4
votes

I have logistic regression mode, where I explicitly set the threshold to 0.5.

model.setThreshold(0.5)

I train the model and then I want to get basic stats -- precision, recall etc.

This is what I do when I evaluate the model:

val metrics = new BinaryClassificationMetrics(predictionAndLabels)

val precision = metrics.precisionByThreshold


precision.foreach { case (t, p) =>

      println(s"Threshold is: $t, Precision is: $p")

    }

I get results with only 0.0 and 1.0 as values of threshold and 0.5 is completely ignored.

Here is the output of the above loop:

Threshold is: 1.0, Precision is: 0.8571428571428571

Threshold is: 0.0, Precision is: 0.3005181347150259

When I call metrics.thresholds() it also returns only two values, 0.0 and 1.0.

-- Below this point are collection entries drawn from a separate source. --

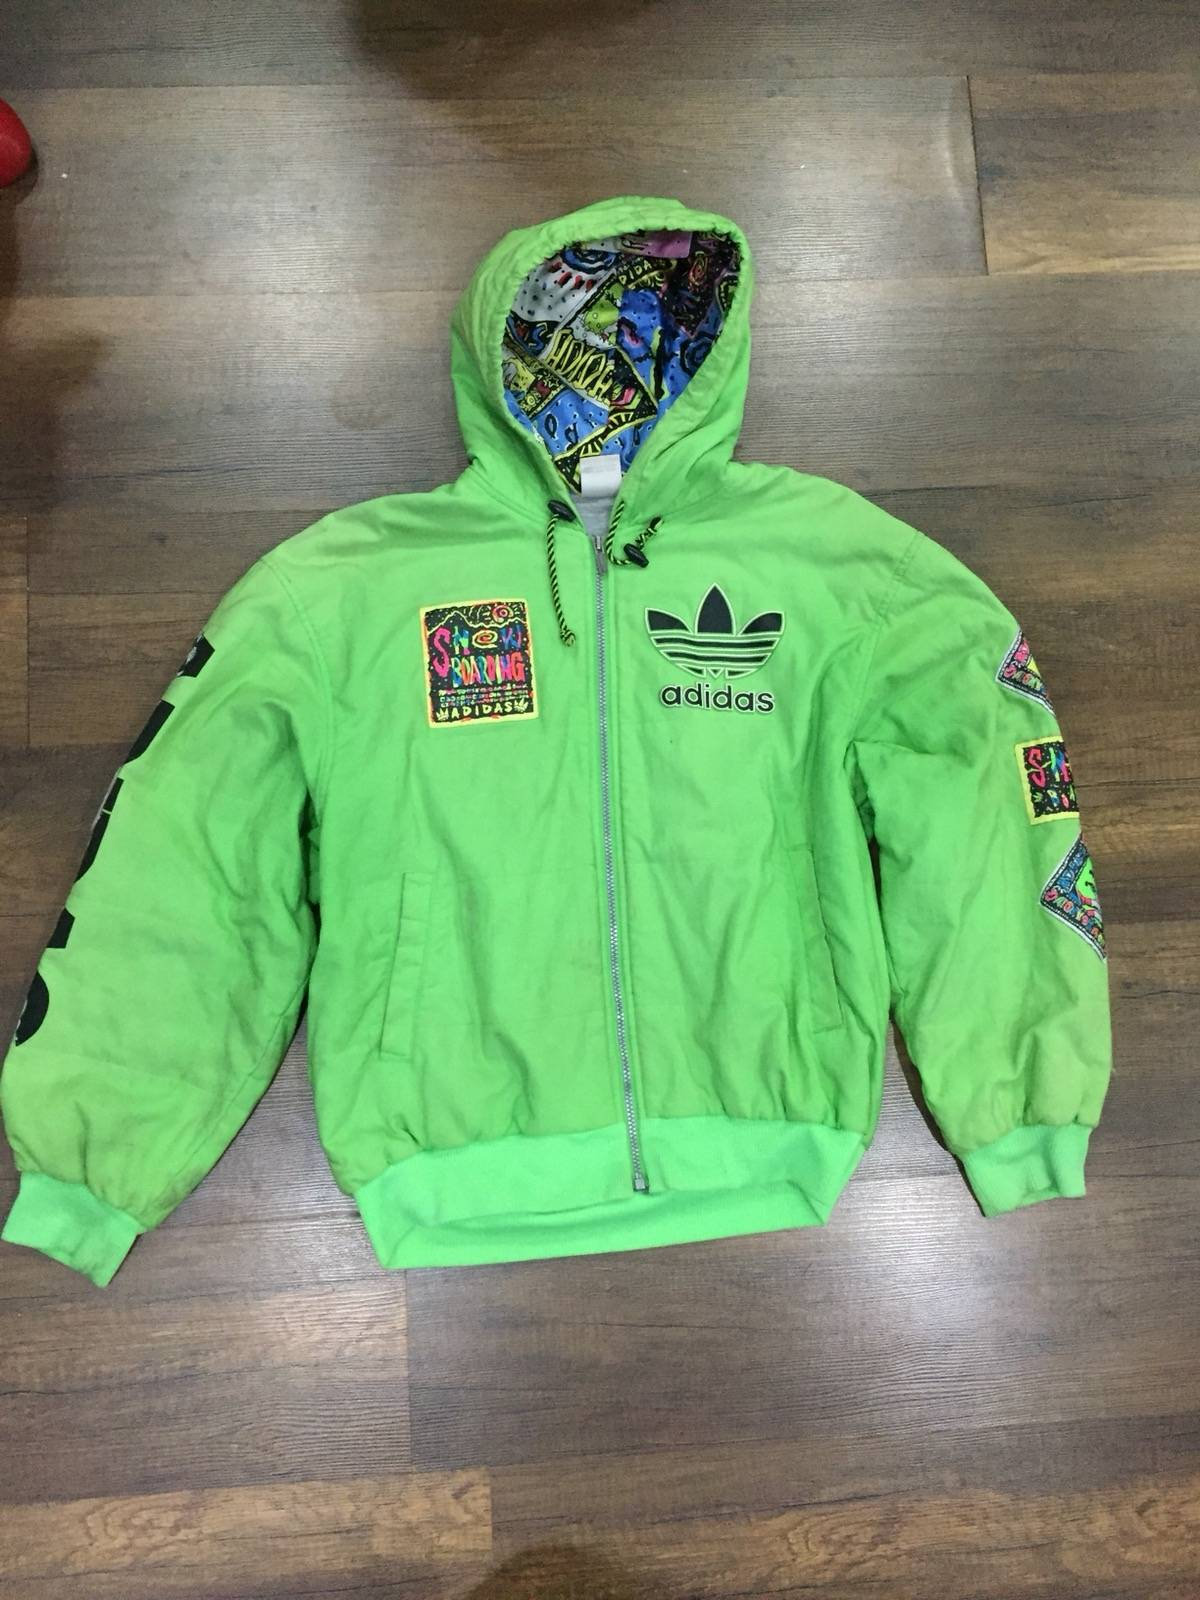 90s Vintage Mens ADIDAS ORIGINALS Pullover Jacket A6315
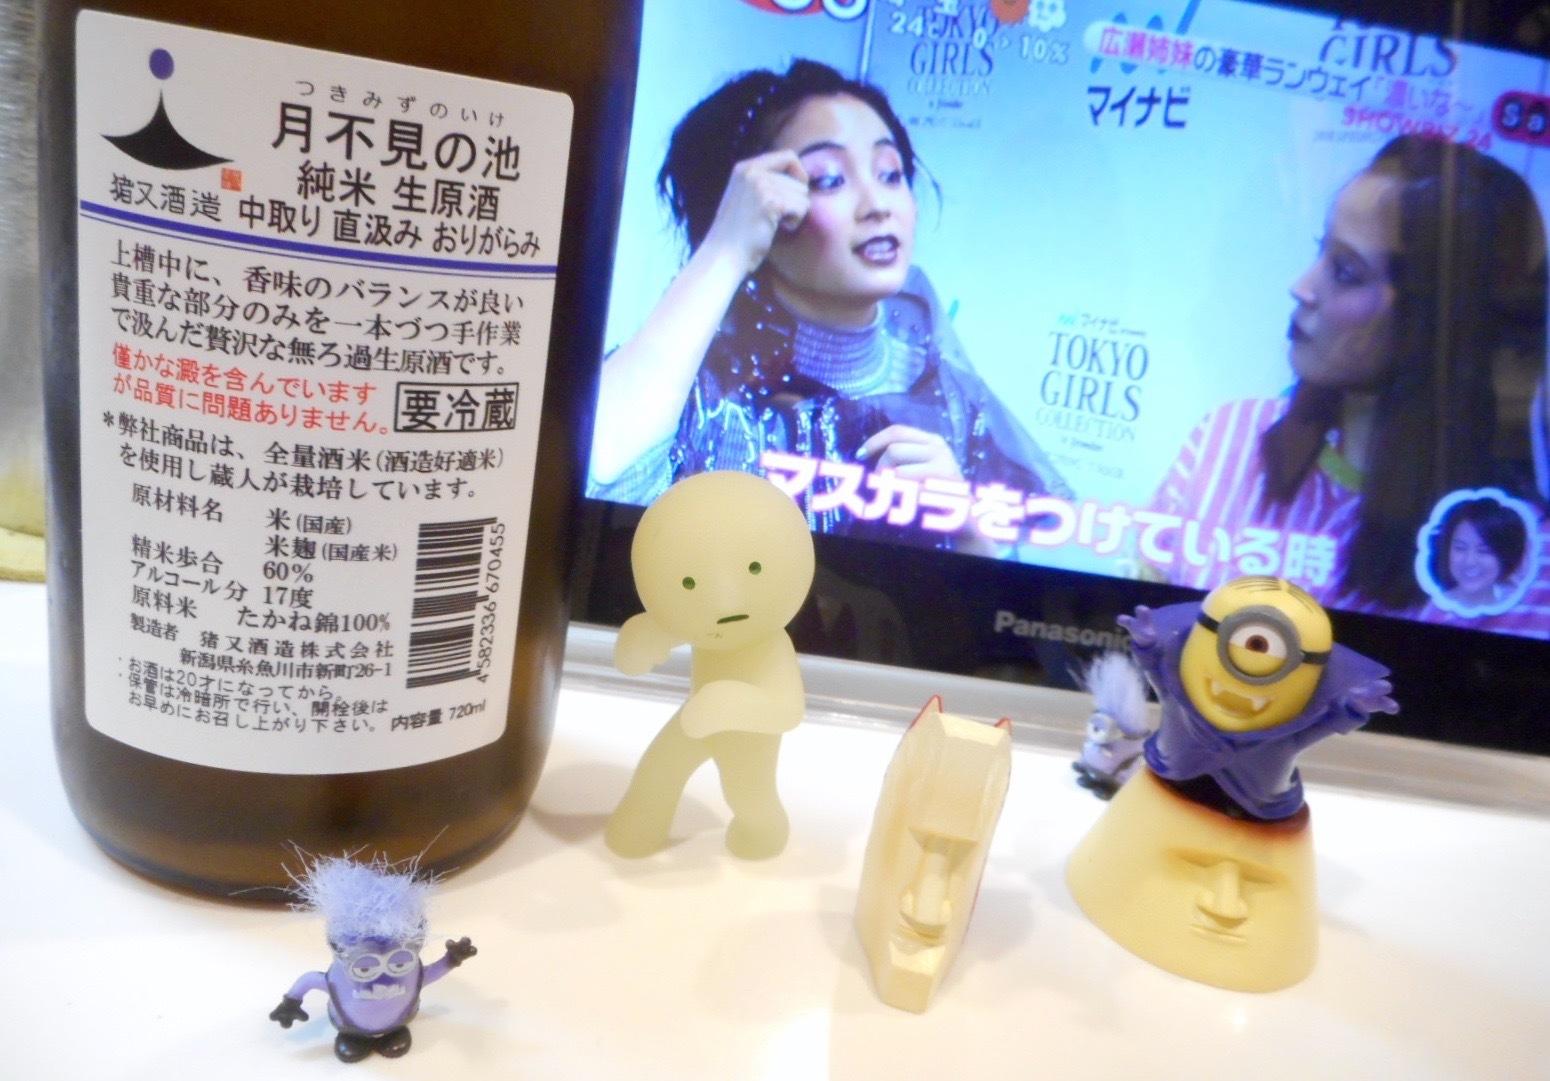 tsukimizunoike_junmai_jikagumi29by2.jpg
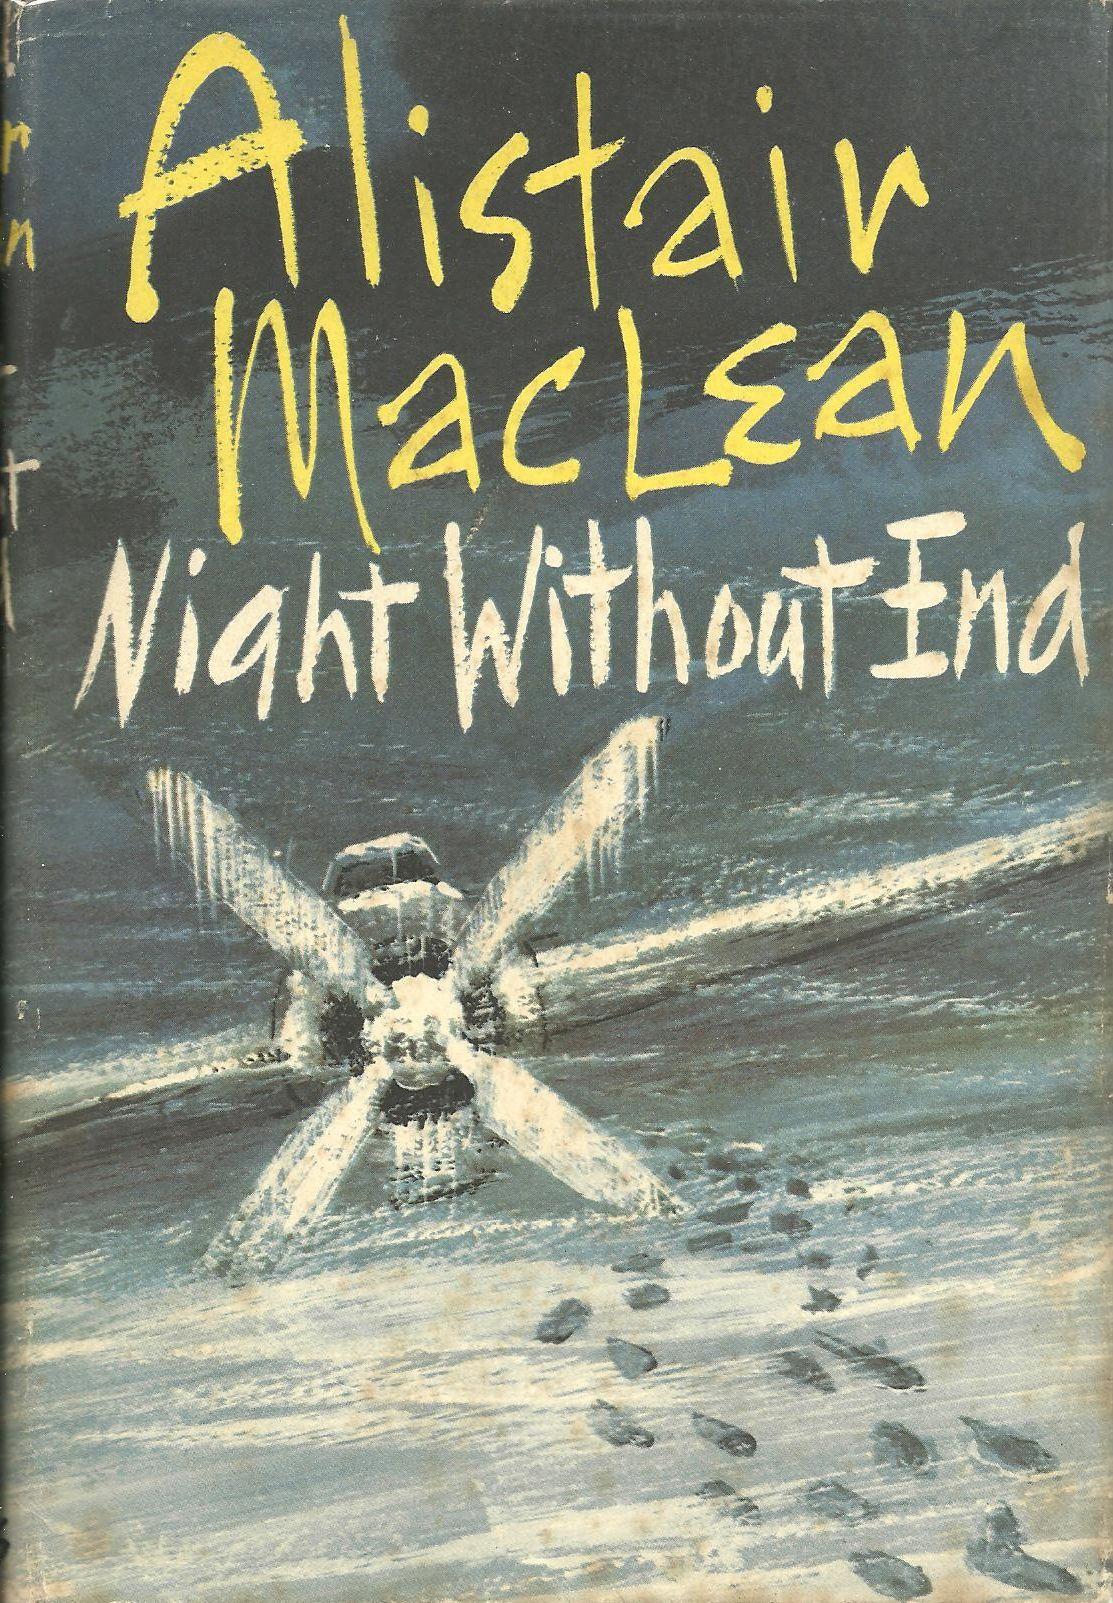 Алистер Маклин — Ночи нет конца (1959)

How do I get the precision and recall values with threshold as 0.5?

3

3 Answers

5
votes

You need to clear the model threshold before you make predictions. Clearing threshold makes your predictions return a score and not the classified label. If not you will only have two thresholds, i.e. your labels 0.0 and 1.0.

model.clearThreshold()

A tuple from predictionsAndLabels should look like (0.6753421,1.0) and not (1.0,1.0)

Take a look at https://github.com/apache/spark/blob/master/examples/src/main/scala/org/apache/spark/examples/mllib/BinaryClassificationMetricsExample.scala

You probably still want to set numBins to control the number of points if the input is large.

1
votes

I think what happens is that all the predictions are 0.0 or 1.0. Then the intermediate threshold values make no difference.

Consider the numBins argument of BinaryClassificationMetrics:

numBins: if greater than 0, then the curves (ROC curve, PR curve) computed internally will be down-sampled to this many "bins". If 0, no down-sampling will occur. This is useful because the curve contains a point for each distinct score in the input, and this could be as large as the input itself -- millions of points or more, when thousands may be entirely sufficient to summarize the curve. After down-sampling, the curves will instead be made of approximately numBins points instead. Points are made from bins of equal numbers of consecutive points. The size of each bin is floor(scoreAndLabels.count() / numBins), which means the resulting number of bins may not exactly equal numBins. The last bin in each partition may be smaller as a result, meaning there may be an extra sample at partition boundaries.

So if you don't set numBins, then precision will be calculated at all the different prediction values. In your case this seems to be just 0.0 and 1.0.

0
votes

First, try adding more bins like this (here numBins is 10):

val metrics = new BinaryClassificationMetrics(probabilitiesAndLabels,10);

If you still only have two thresholds of 0 and 1, then check to make sure the way you have defined your predictionAndLabels. You many be having this problem if you have accidentally provided (label, prediction) instead of (prediction, label).